【问题标题】:Why does my Webscraper built using python return an empty list when it should return scraped data?为什么我使用 python 构建的 Webscraper 在应该返回抓取的数据时返回一个空列表?
【发布时间】:2021-07-27 16:36:26
【问题描述】:

我正在尝试从https://nike.co.in 抓取产品详细信息,例如产品名称、价格、类别、颜色 尽管为脚本提供了正确的 Xpath,但它似乎并没有抓取细节,它给出了一个空列表。 这是我的完整脚本:

import time
import numpy as np
from selenium import webdriver
from selenium.webdriver.common.keys import Keys
from webdriver_manager.chrome import ChromeDriverManager


def scrape_nike(shop_by_category):
    website_address = ['https://nike.co.in']
    options = webdriver.ChromeOptions()
    options.add_argument('start-maximized')
    options.add_argument("window-size=1200x600")
    options.add_experimental_option("excludeSwitches", ["enable-automation"])
    options.add_experimental_option('useAutomationExtension', False)

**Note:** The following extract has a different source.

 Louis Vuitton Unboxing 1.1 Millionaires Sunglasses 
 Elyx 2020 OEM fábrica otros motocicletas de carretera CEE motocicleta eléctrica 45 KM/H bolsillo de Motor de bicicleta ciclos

    browser = webdriver.Chrome(ChromeDriverManager().install(), options=options)
    delays = [7, 4, 6, 2, 10, 19]
    delay = np.random.choice(delays)
    for crawler in website_address:
        browser.get(crawler)
        time.sleep(2)
        time.sleep(delay)

        browser.find_element_by_xpath('//*[@id="VisualSearchInput"]').send_keys(shop_by_category, Keys.ENTER)
        product_price = browser.find_elements_by_xpath('//*[@id="Wall"]/div/div[5]/div/main/section/div/div[1]/div/figure/div/div[3]/div/div/div/div')
        product_price_list = [elem.text for elem in product_price]
        product_category = browser.find_elements_by_xpath('//*[@id="Wall"]/div/div[5]/div/main/section/div/div[1]/div/figure/div/div[1]/div/div[2]')
        product_category_list = [elem.text for elem in product_category]
        product_name = browser.find_elements_by_xpath('//*[@id="Nike Air Zoom Vomero 15"]')
        product_name_list = [elem.text for elem in product_name]
        product_colors = browser.find_elements_by_xpath('//*[@id="Wall"]/div/div[5]/div/main/section/div/div[4]/div/figure/div/div[2]/div/button/div')
        product_colors_list = [elem.text for elem in product_colors]
        print(product_price_list)
        print(product_category_list)
        print(product_name_list)
        print(product_colors_list)


if __name__ == '__main__':
    category_name_list = ['running']
    for category in category_name_list:
        scrape_nike(category)

我想要的输出是这样的:

[Rs 1000, Rs 2990, Rs 3000,....]
[Mens running shoes, Womens running shoes, ...]
[Nike Air Zoom Pegasus, Nike Quest 3, ...]
[5 colors, 1 colors, 3 colors, ...]

但我现在得到的输出是:

[]
[]
[]
[]

我得到空列表的确切问题是什么?我不明白。请帮忙!!

编辑: 我现在只能在列表中获取单个产品详细信息,而我想要所有产品,这是我对代码的更改

product_price = wait.until(EC.presence_of_all_elements_located((By.XPATH, '//*[@id="Wall"]/div/div[5]/div/main/section/div/div[1]/div/figure/div/div[3]/div/div/div/div')))
        product_price_list = [elem.text for elem in product_price]
        product_category = wait.until(EC.presence_of_all_elements_located((By.XPATH, '//*[@id="Wall"]/div/div[5]/div/main/section/div/div[1]/div/figure/div/div[1]/div/div[2]')))
        product_category_list = [elem.text for elem in product_category]
        product_name = wait.until(EC.presence_of_all_elements_located((By.XPATH, '//*[@id="Nike Air Zoom Vomero 15"]')))
        product_name_list = [elem.text for elem in product_name]
        product_colors = wait.until(EC.presence_of_all_elements_located((By.XPATH, '//*[@id="Wall"]/div/div[5]/div/main/section/div/div[4]/div/figure/div/div[2]/div/button/div')))
        product_colors_list = [elem.text for elem in product_colors]

这给出了:

['₹13,495']
["Men's Running Shoe"]
['Nike Air Zoom Vomero 15']
['5 Colours']

我想要多个这样的条目

EDIT-2*:我也尝试过使用 beautifulsoup4,但也返回了空输出。

from selenium import webdriver
from selenium.webdriver.common.keys import Keys
from bs4 import BeautifulSoup
import pandas as pd


def adidas(shop_by_category):
    driver = webdriver.Chrome("F:\\chromedriver\chromedriver.exe")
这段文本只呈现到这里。